Sorry to have bothered you translate Turkish
107 parallel translation
I'm sorry to have bothered you.
Sizi rahatsız ettiğim için kusuruma bakmayın.
Sorry to have bothered you.
Rahatsız ettiğim için üzgünüm.
I'm sorry to have bothered you.
Rahatsız ettiğimiz için kusura bakmayın.
Well, sorry to have bothered you.
Peki canınızı sıktığımız için üzgünüm
Martin, sorry to have bothered you at home.
Martin, evde seni rahatsız ettiğime üzgünüm.
- Sorry to have bothered you.
- Rahatsız ettiğim için üzgünüm.
Sorry to have bothered you, Ms. Hudson.
Sizi rahatsız ettiğimiz için üzgünüz Bayan Hudson.
I've very sorry to have bothered you.
Sizi rahatsız ettiğim için özür dilerim.
Sorry to have bothered you this way.
Size de iş çıkardık kusurumuza bakmayın.
We are sorry to have bothered you.
Verdiğimiz rahatsızlıktan dolayı özür dileriz.
I'm sorry to have bothered you, sir.
Rahatsız ettiğim için üzgünüm efendim.
I'm sorry to have bothered you here.
Sizi zahmet verdiğim için üzgünüm!
Sorry to have bothered you for nothing
Sizi boşuna rahatsız ettiğim için üzgünüm
I'm sorry to have bothered you.
Rahatsız ettiğim için üzgünüm.
Sorry to have bothered you, boss.
Canınızı sıktığım için üzgünüm, şef.
Sorry to have bothered you.
Rahatsız ettiğim için özür dilerim.
Gentlemen, sorry to have bothered you.
- İşte eşi. - Baylar, sizi rahatsız ettiğimiz için özür dileriz.
Sorry to have bothered you, but I panicked.
Rahatsız ettiğime üzüldüm. Paniklemiştim.
Sorry to have bothered you.
Üzgünüm rahatsız ettim.
Sorry to have bothered you.
Rahatsız ettiğimiz içi özür dileriz.
I'm sorry to have bothered you, sir.
Zahmet verdiğimiz için özür dilerim efendim.
I am sorry to have bothered you, Miss Lane.
Canınızı sıktığım için üzgünüm Bayan Lane.
Uh, look, I'm sorry to have bothered you.
Rahatsız ettiğim için özür dilerim.
- I'm sorry to have bothered you.
Rahatsız ettiğim için özür dilerim.
Right, sorry to have bothered you.
Zahmet verdiğim için üzgünüm.
I'm sorry to have bothered you. - ( NANCY ) :
Sizi rahatsız ettiğim için üzgünüm.
- I'm sorry to have bothered you.
Rahatsız ettiğim için üzgünüm.
I'm sorry to have bothered you.
Sizi rahatsız ettiğim için özür dilerim.
Sorry to have bothered you...
Rahatsız ettiğimiz için üzgünüm.
I'm sorry to have bothered you.
Rahatsız ettiğim için özür dilerim.
Sorry to have bothered you.
Sizi üzdüğüm için üzgünüm.
But, obviously, it's not you so I'm sorry to have bothered you.
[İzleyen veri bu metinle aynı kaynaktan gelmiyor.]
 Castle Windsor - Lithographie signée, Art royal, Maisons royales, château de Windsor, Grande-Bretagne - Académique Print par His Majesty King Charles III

Ama görünüşe göre sen değilsin bu yüzden rahatsız ettiğim için özür dilerim.
Sorry to have bothered you with this.
Seni bununla rahatsız ettiğimiz için kusura bakma.
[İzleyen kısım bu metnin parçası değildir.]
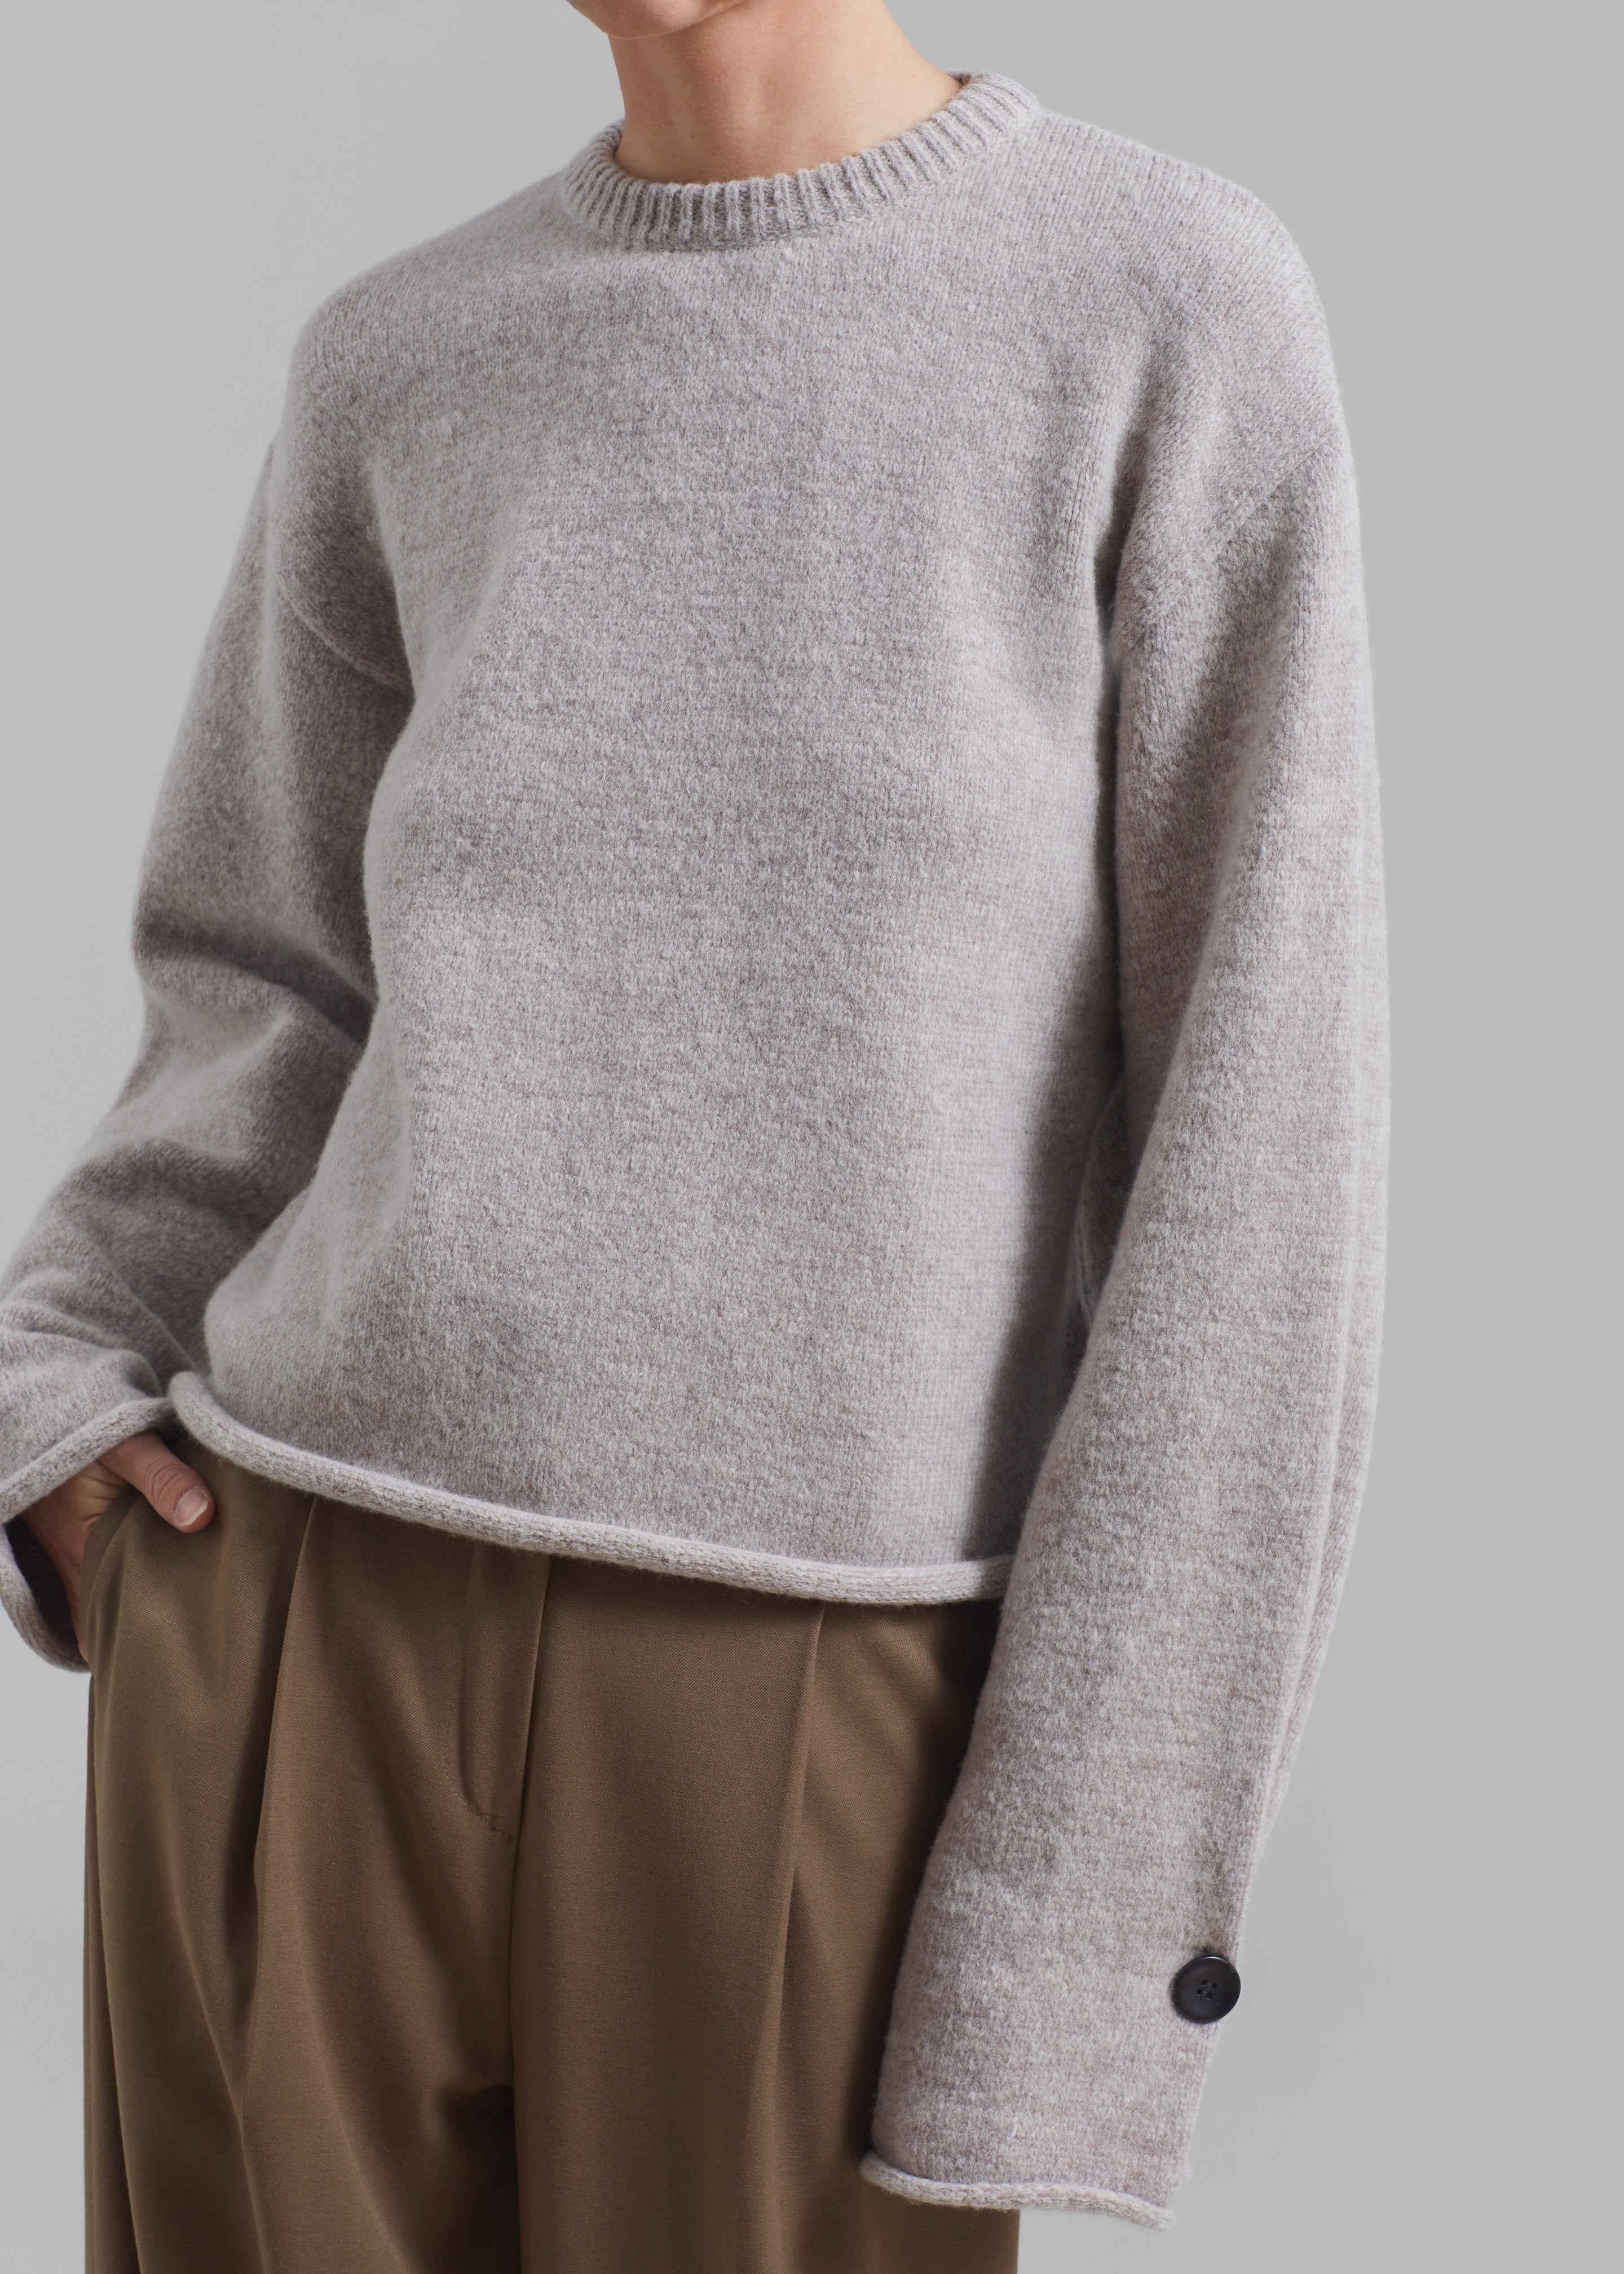 Proenza Schouler White Label Tara Sweater - Fig

I'm so sorry to have bothered you in this pathetic way, Lady Angkatell, - Night, night.
Sizi böyle önemsiz bir konuyla rahatsız ettiğim için özür dilerim.
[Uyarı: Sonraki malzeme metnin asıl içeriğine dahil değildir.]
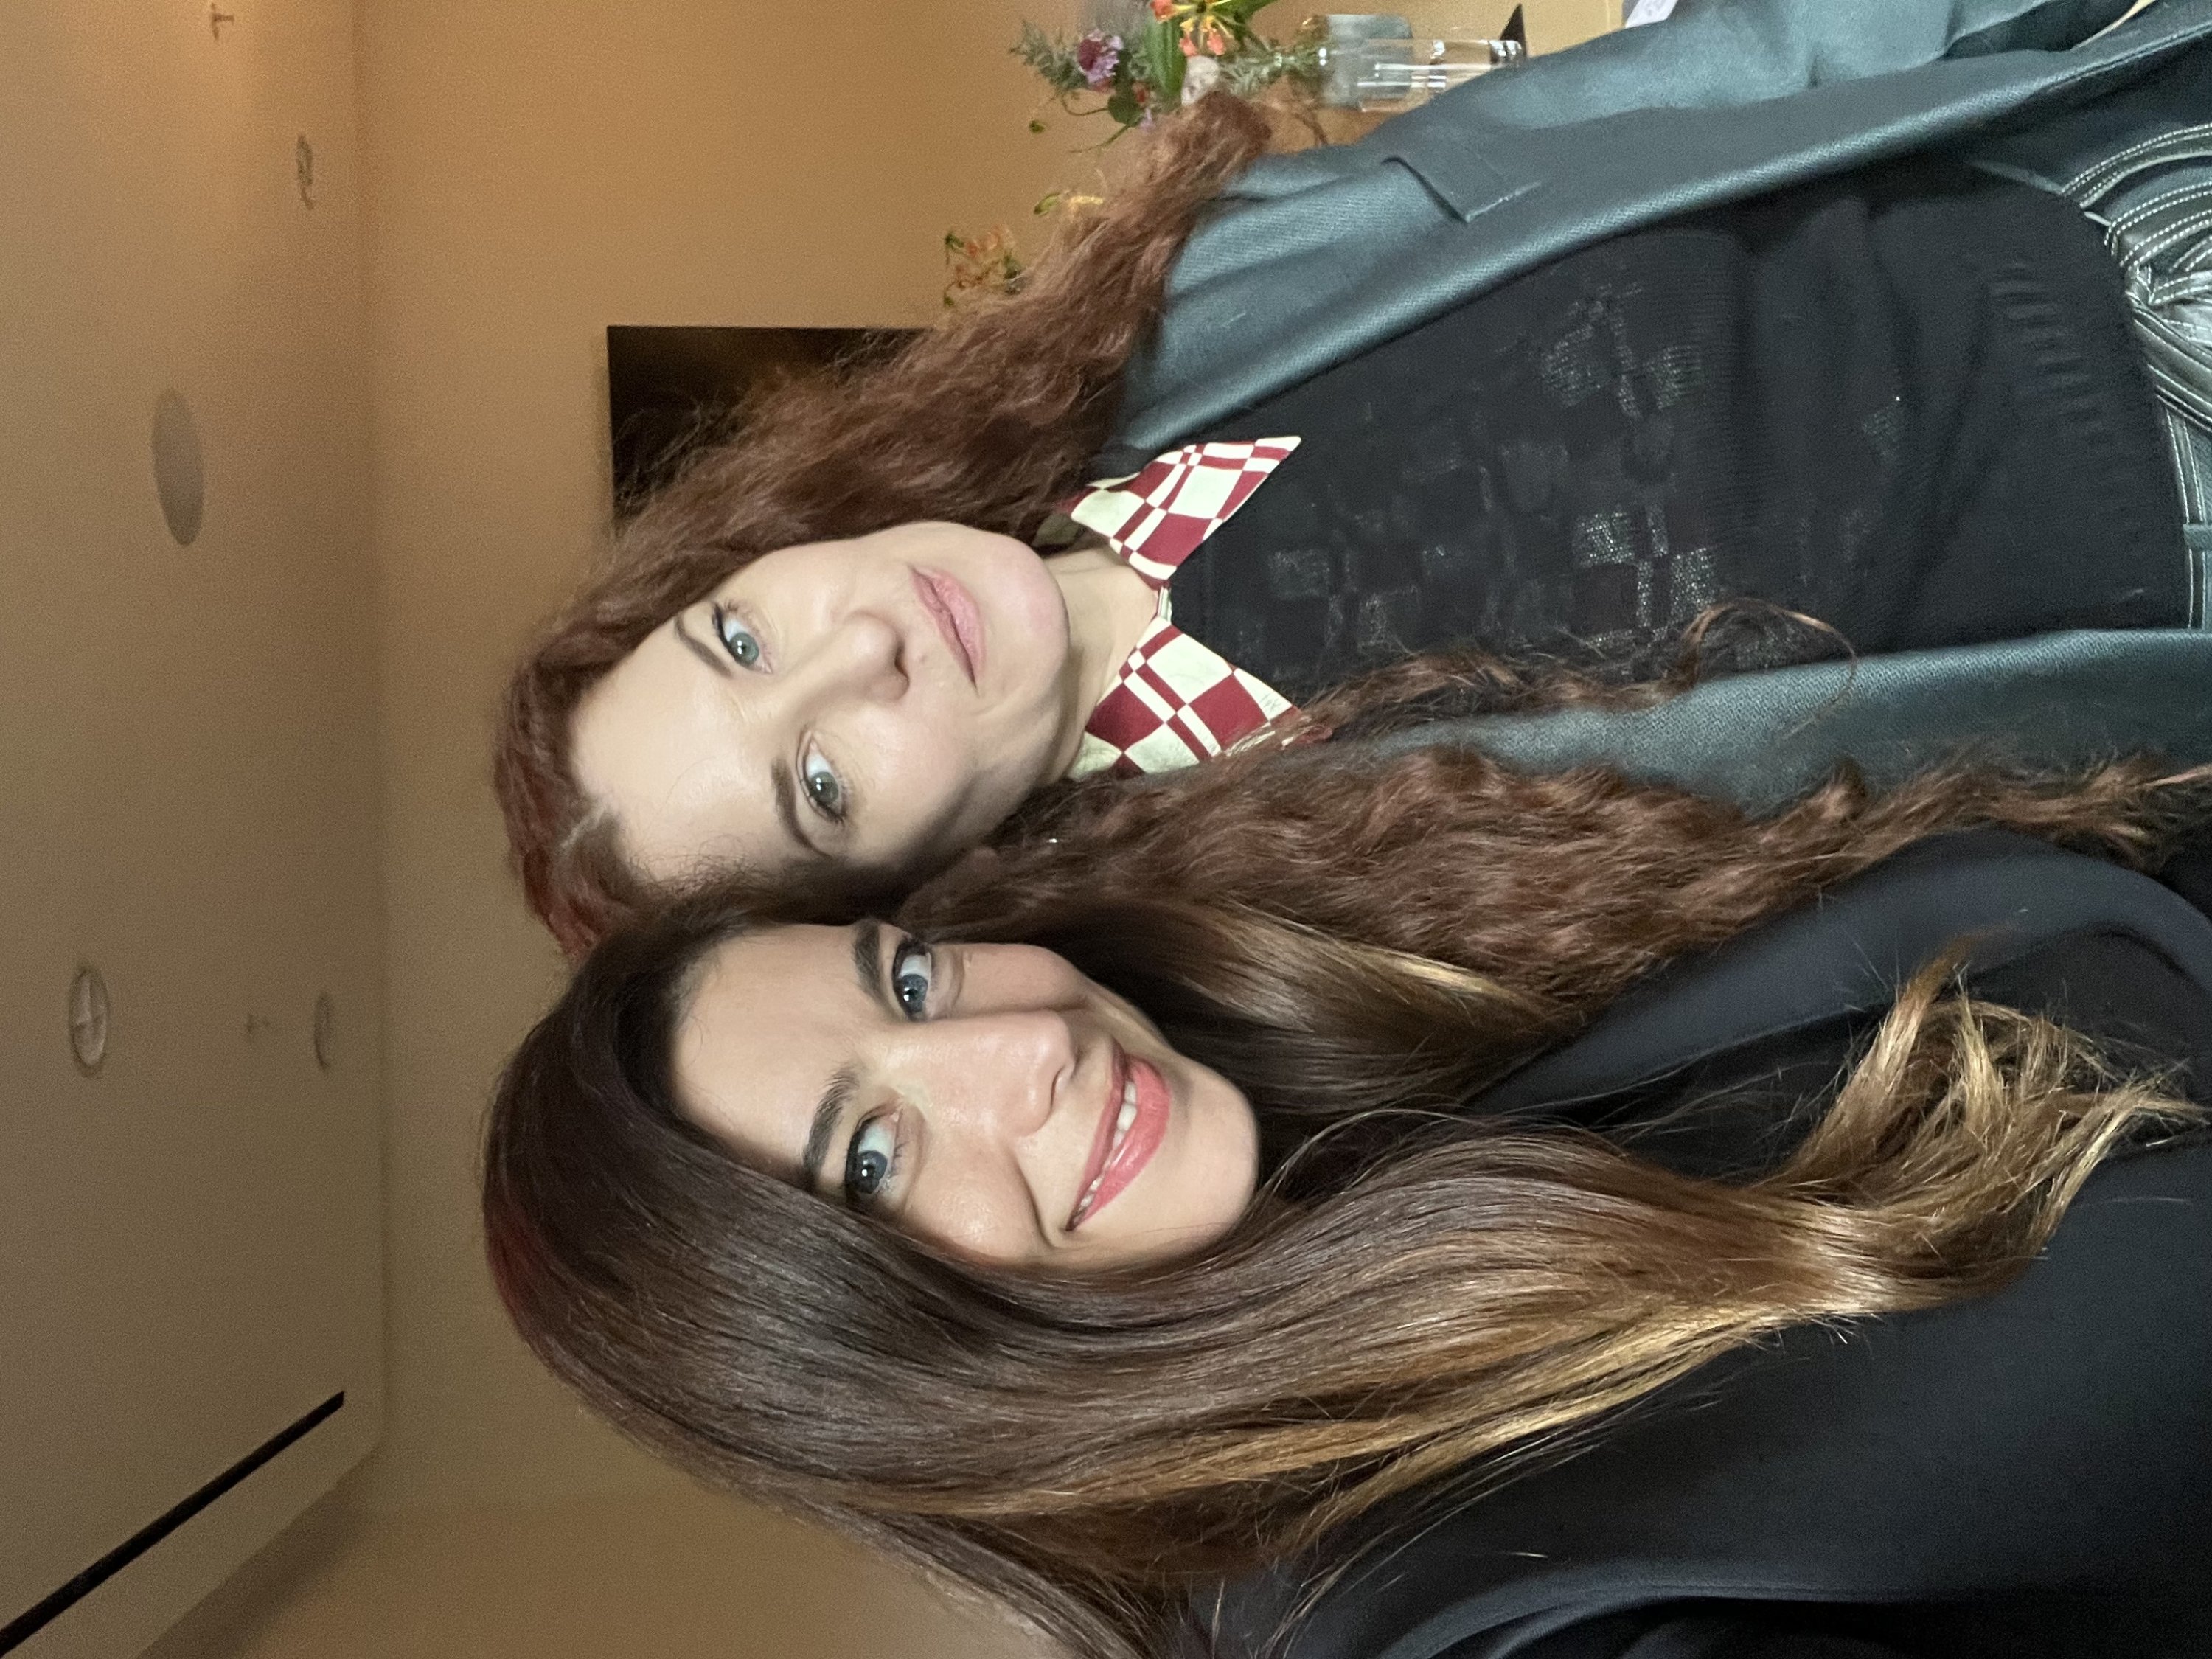 Funda Karayel (kiri) dan Emma Summerton saat wawancara, New York, AS, 17 November 2022. (Foto oleh Funda Karayel)

Sorry to have bothered you.
Sizi rahatsız ettim üzgünüm.
It would have been nice... but I have plenty of stuff without you, and I'm sorry to have bothered you.
Hoş olurdu ama sen olmadan da bir sürü şey biliyorum. Seni rahatsız ettiğim için üzgünüm. - Demek bir sürü şey biliyorsun.
Sorry to have bothered you.
Rahatsız ettiğim için bağışlayın.
I'm sorry to have bothered you.
Rahatsız ettiyse özür dilerim.
Yes. I'm sorry to have bothered you.
Evet, eee, şey, özür dilerim sizi rahatsız ettim.
I'm sorry to have bothered you.
Rahatsız ettiğimiz için özür dileriz.
Sorry to have bothered you, ma'am.
Rahatsız ettiğimiz için özür dileriz.
I'm sorry to have bothered you.
Seni sıktığım için özür dilerim.
Sorry to have bothered you.
Rahatsız ettiğimiz için özür dileriz.
I'm sorry to have bothered you.
Rahatsız ettiğim için kusura bakma.
Sorry to have bothered you.
Sizi rahatsız ettiğim için üzgünüm.
- Sorry to have bothered you with it.
- Sana zahmet verdim, kusura bakma.
I'm very sorry to have bothered you.
Sizi rahatsız ettiğim için çok özür dilerim.
I'm sorry to have bothered you
Rahatsız ettiğim için özür dilerim.
I'm sorry to have bothered you.
Sizi rahatsız ettiğim için üzgünüm.
Sorry to have bothered you, Ted.
Seni rahatsız ettiğimiz için kusura bakma Ted.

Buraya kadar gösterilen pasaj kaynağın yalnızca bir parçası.